The new President of France, Francois Hollande, has stated that he is against the severe austerity that European governments have been adopted and forced into by the EU, ECB and most notably, by Berlin. He has stated that the solution to France (and Europe’s) economic problems is more government spending. He is calling for the ECB to do more to “stimulate” the economy – which is political speech for printing money and devaluing the Euro – it is the only lever the ECB has available. He also calls for more government spending to spur growth.
This cannot work. Quantitative Easing, which is simply indirect expansion of the money supply, will lead to inflation – in fact that is the whole point. Governments require inflation to make the debt shrink in future currency terms, resulting the bond holders taking losses without an immediate default. The economists of the Austrian school are the only ones who have accurately predicted the outcome of such “money printing” schemes, and this is where we are headed now.
Also, government spending CANNOT grow the economy, especially when such spending is financed by debt. First, the government must raise the money: they can either increase taxes, which withdraws money from the economy and is detrimental to growth; or they can borrow the money from the market – in which case they are taking money from lenders (i.e. bond buyers) who would otherwise need to invest that money in business ventures that actually do produce growth; or finally they can borrow the money from the central banks via Quantitative Easing, which invariably leads to inflation and devaluation which will reduce the incomes and wealth of everyone in the economy, and this is also bad for growth.
Another Frenchman, Frederic Bastiat, wrote in the 1840s:
…public spending is always a substitute for private spending, and that consequently it may support one workers in place of another but adds nothing to the lot of the working class as a whole.
If Hollande and the other leaders in Europe want to stimulate economic growth, they must unshackel free businesses by eliminating regulation, red tape and the complexities of doing business there. And I don’t mean doing a regulation by regulation assessment. I mean simply throw out any regulation passed in the last 20 years… They have done nothing to improve the lot of the average European.
Related articles
- Hollande, Merkel seek growth for Europe – Sydney Morning Herald (news.smh.com.au)

2 comments
Frances
16 May 2012 at 0:25 (UTC -6) Link to this comment
I agree: unshackle private business. Though I have some reservations: as one who is an employee and who has worked doing tax returns for many season, I have had occasion to observe the unscrupulous behaviour of too many business owners. That being said, I’ve seen equally unscrupulous behavious of too many employees, particularly pregnant ones who feel their pregnancy grants them some sort of immunity so they don’t have to perform their jobs properly.

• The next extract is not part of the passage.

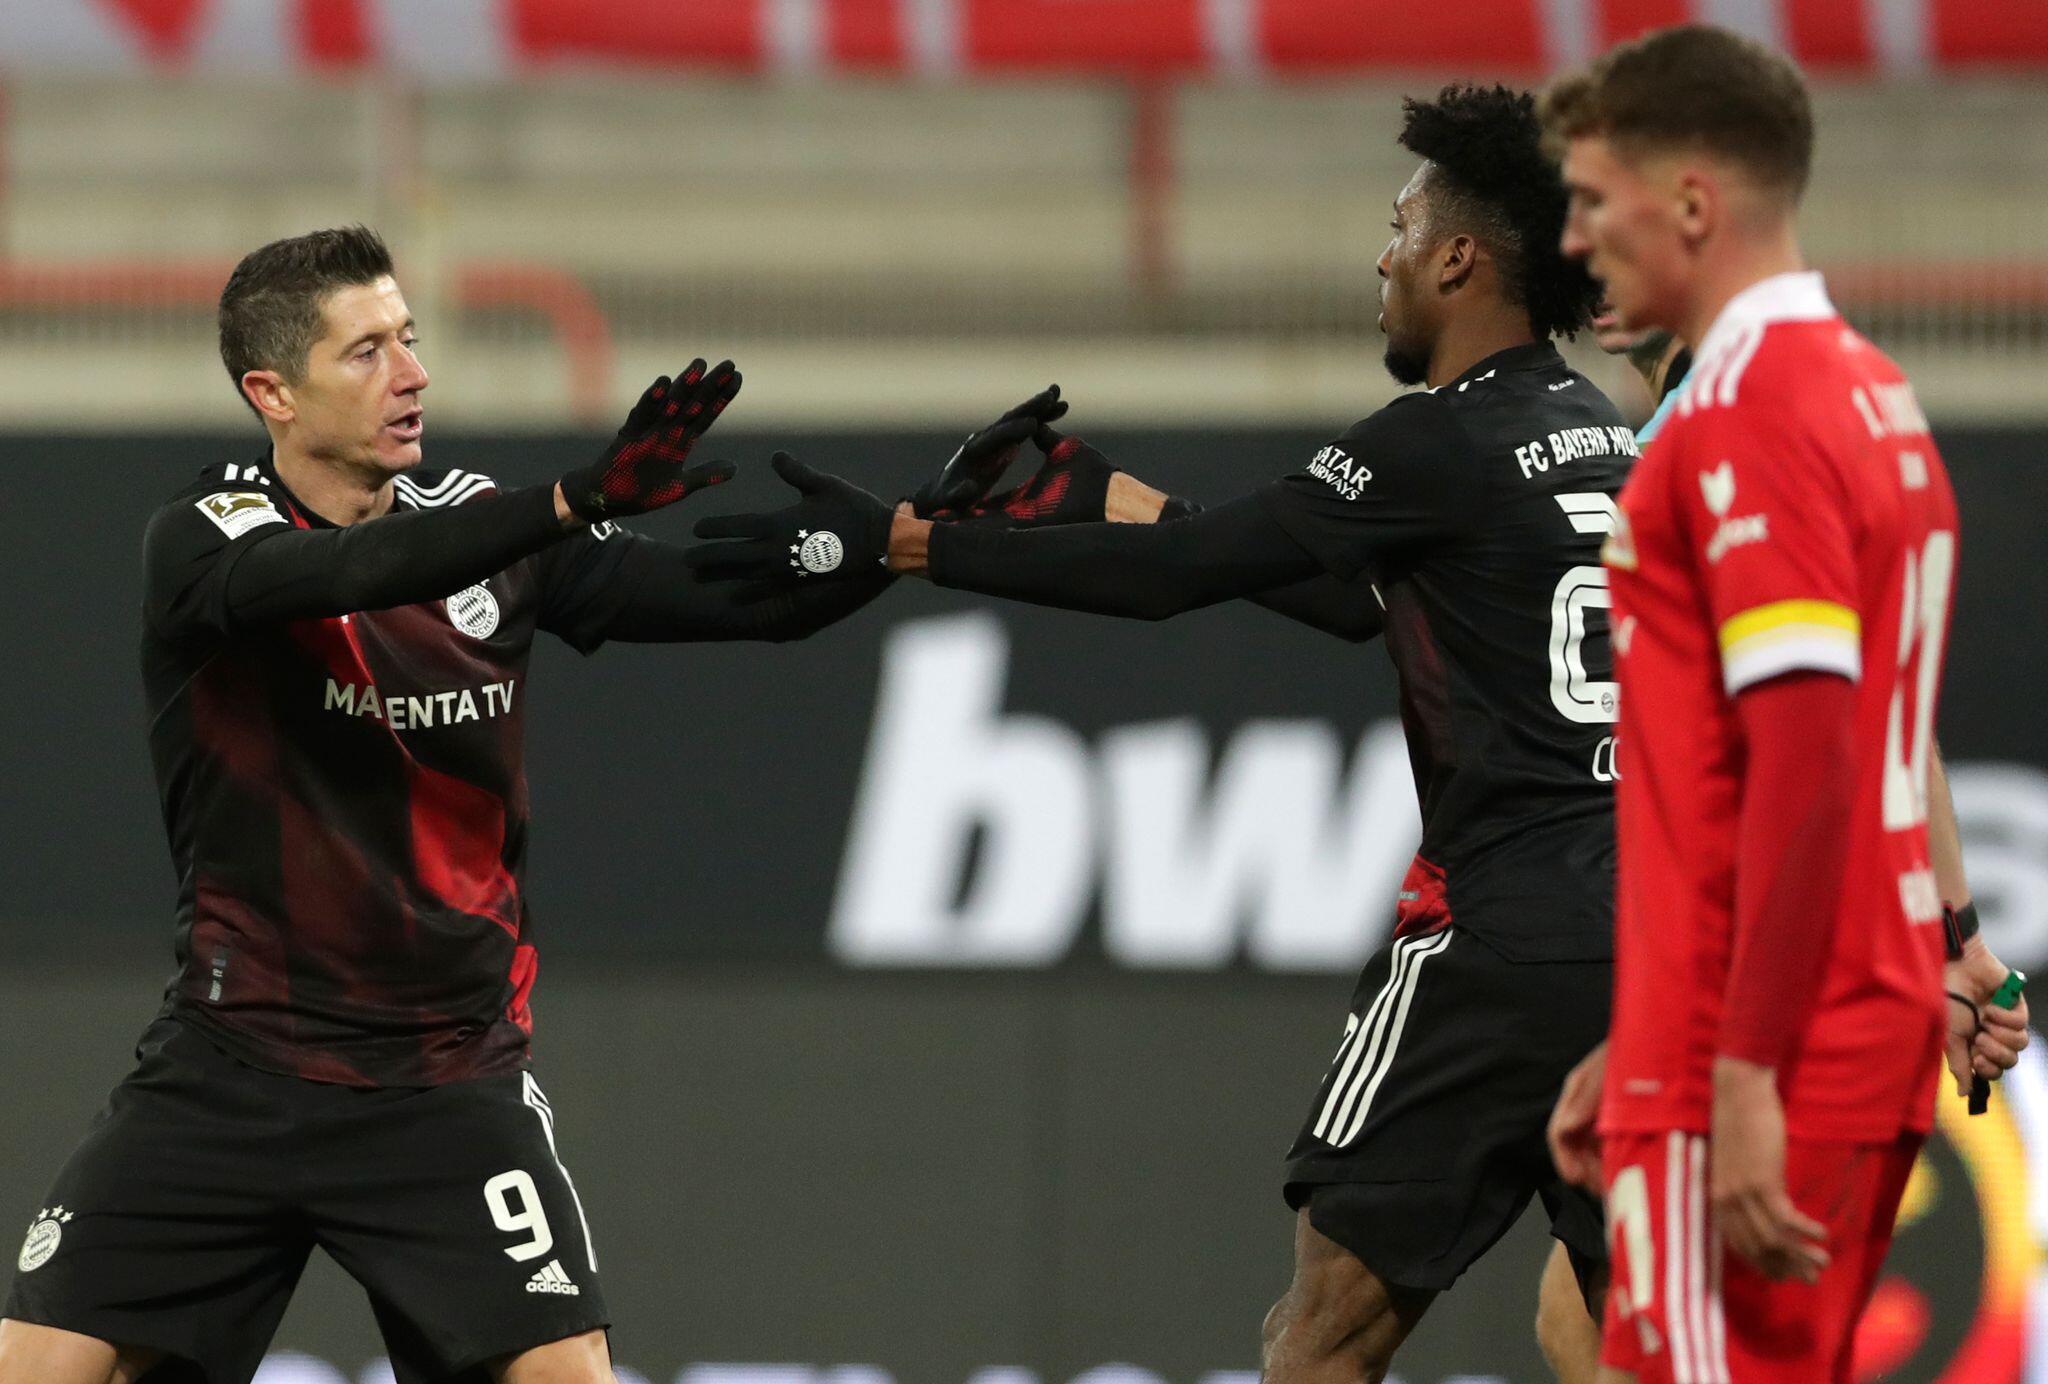 Bild zu 1. FC Union Berlin - FC Bayern München

I counsel as I can: where employers are wrong, I give clients the best information I have as to how they can redress the situation. The employer/preggie situation is more complex: if the employee chooses to go to HRC or sue, etc., the employer, however much his cause might be the right one, could well find the legal costs prohibitive; cheaper to keep the under-performing preggie on and pray she won’t come back after mat leave. That, however, can prove diffficult if 2/3 of your staff goes on mat leave in one year. DId the promoters of the legislation ever consider the consequences in real life?
old white guy
16 May 2012 at 6:27 (UTC -6) Link to this comment
who i wonder will hollande and the french who elected him steal the money from to cover the debt.